“Our objective this year is to go undefeated.” Dolphins Head Coach Don Shula announced that to his team in one of the first meetings of the 1972 training camp.
While Shula was already being hailed by many as the savior of the Dolphins franchise, star running back Larry Csonka took a somewhat different view of his coach. After hearing Shula’s statement/challenge, Csonka said later, “I remember thinking to myself, ‘oh my God, this guy is possessed. He is the devil.’”
During a Don Shula training camp, most if not all his players would likely have agreed with Csonka’s assessment. Decades before the restrictions negotiated in recent collective bargaining agreements, there were days Shula would have his team practice four times in the Florida heat. Back in those relative dark ages, players were not allowed water during practices, often taking salt tablets to help their bodies retain what fluid they could. There was also plenty of hitting in camp to prepare for the rigors of the season.
For many years there was a myth that pieces of coal could be turned into sparkling diamonds with the right amount of pressure. That turned out not to be scientifically true, but Don Shula was no scientist.
The pressure Coach Shula applied to his team in that training camp and throughout the 1972 season took the lump of coal that was the Super Bowl VI loss and used it to turn his team into a sparkling diamond. Although Shula could always find flaws, to the rest of the world, it would look perfect.
The rest of the world would need some convincing, however. Despite winning the AFC Championship in 1971, the Dolphins were not even a consensus pick to win the AFC East in 1972.
Street and Smith’s Official Yearbook, the gold standard of season preview magazines for many years, picked Miami to finish second in the division behind the Baltimore Colts, who they had defeated 21-0 in the AFC Championship game the previous season.

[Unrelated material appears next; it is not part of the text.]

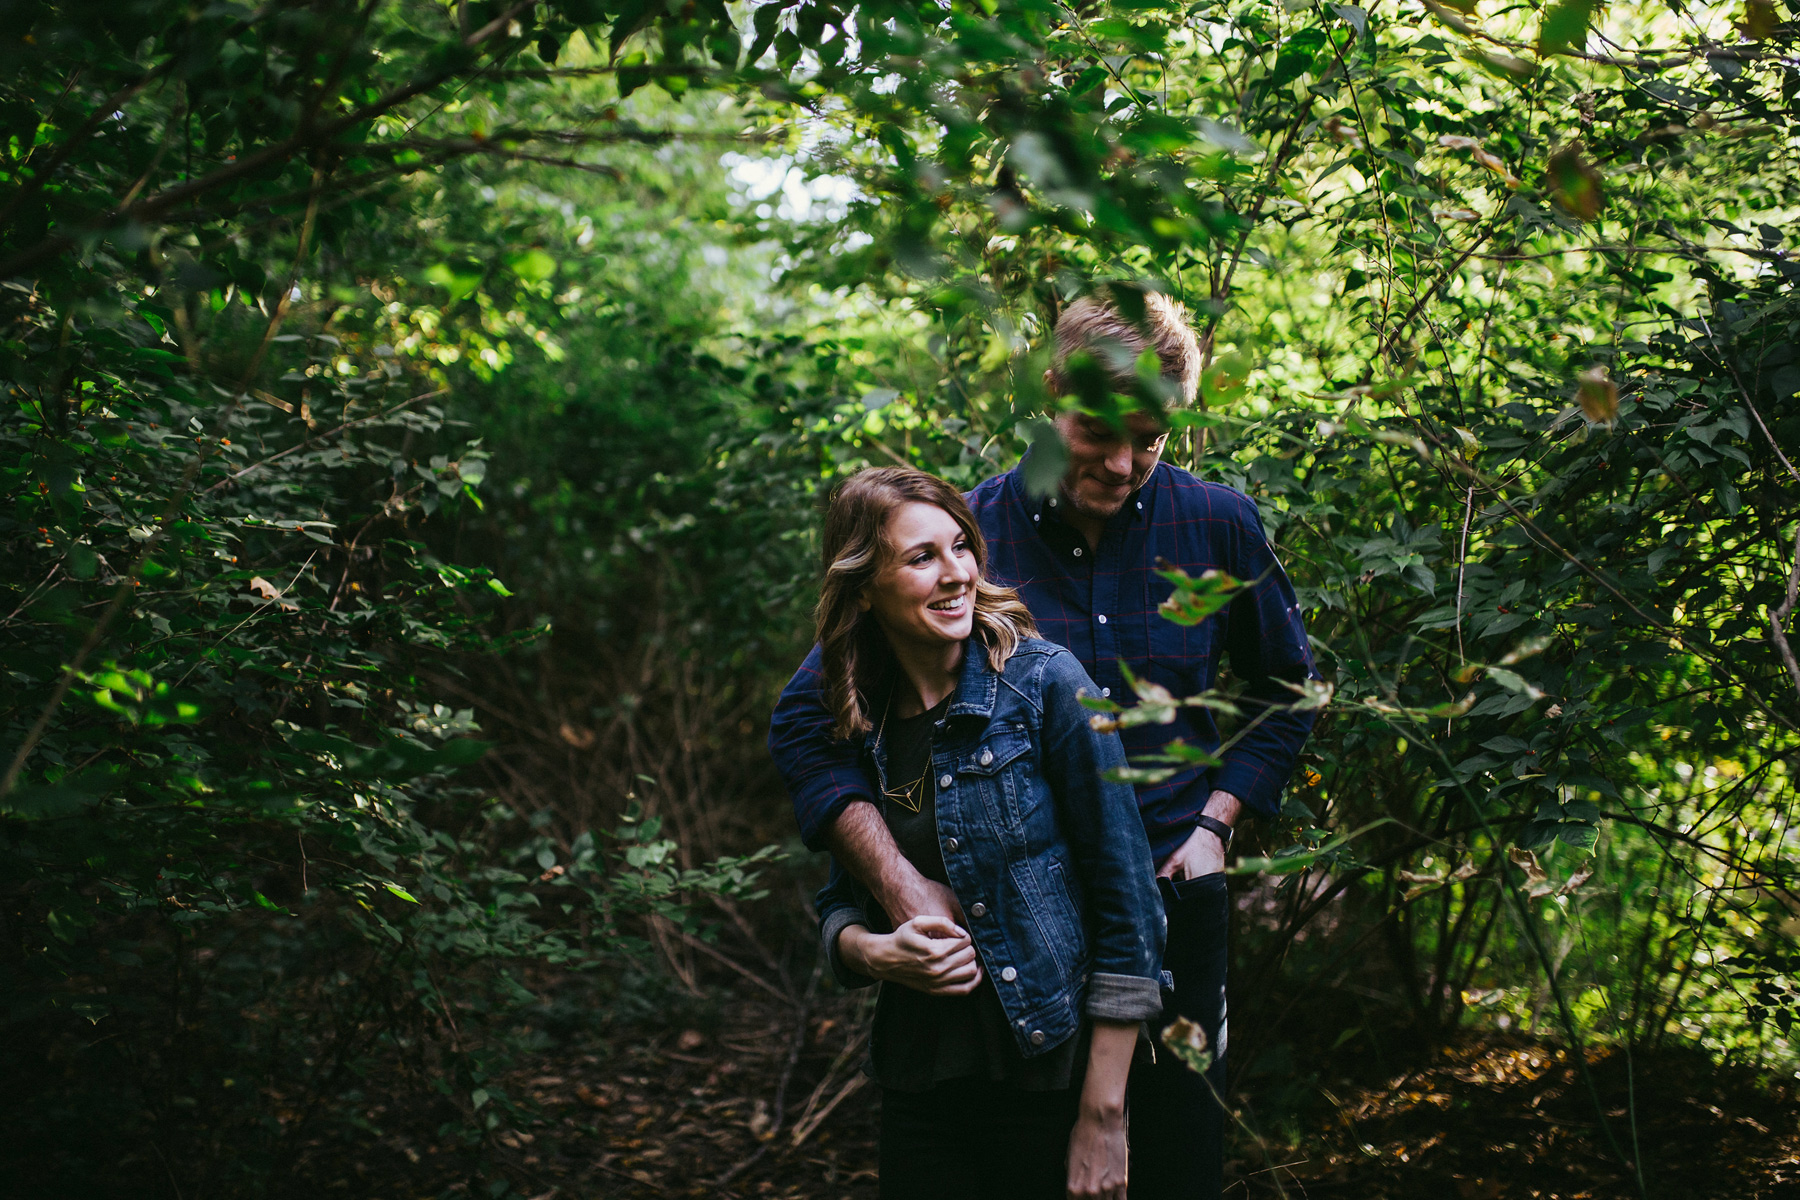 Capen Park Riverside Forest Engagement Photos_Kindling Wedding Photography Blog08.JPG

Writing the prediction piece for Street and Smith’s was veteran AFL/AFC reporter Larry Felser. He liked the Colts to win because “The Colts are defensively superior to the defending AFC champions.” He also stated, “The only first-rank Miami defenders are middle backer Nick Buoniconti and safeties Jake Scott and Dick Anderson.” His pick to win Super Bowl VII was the Chiefs, who the Dolphins had defeated in Kansas City in the prior year’s playoffs.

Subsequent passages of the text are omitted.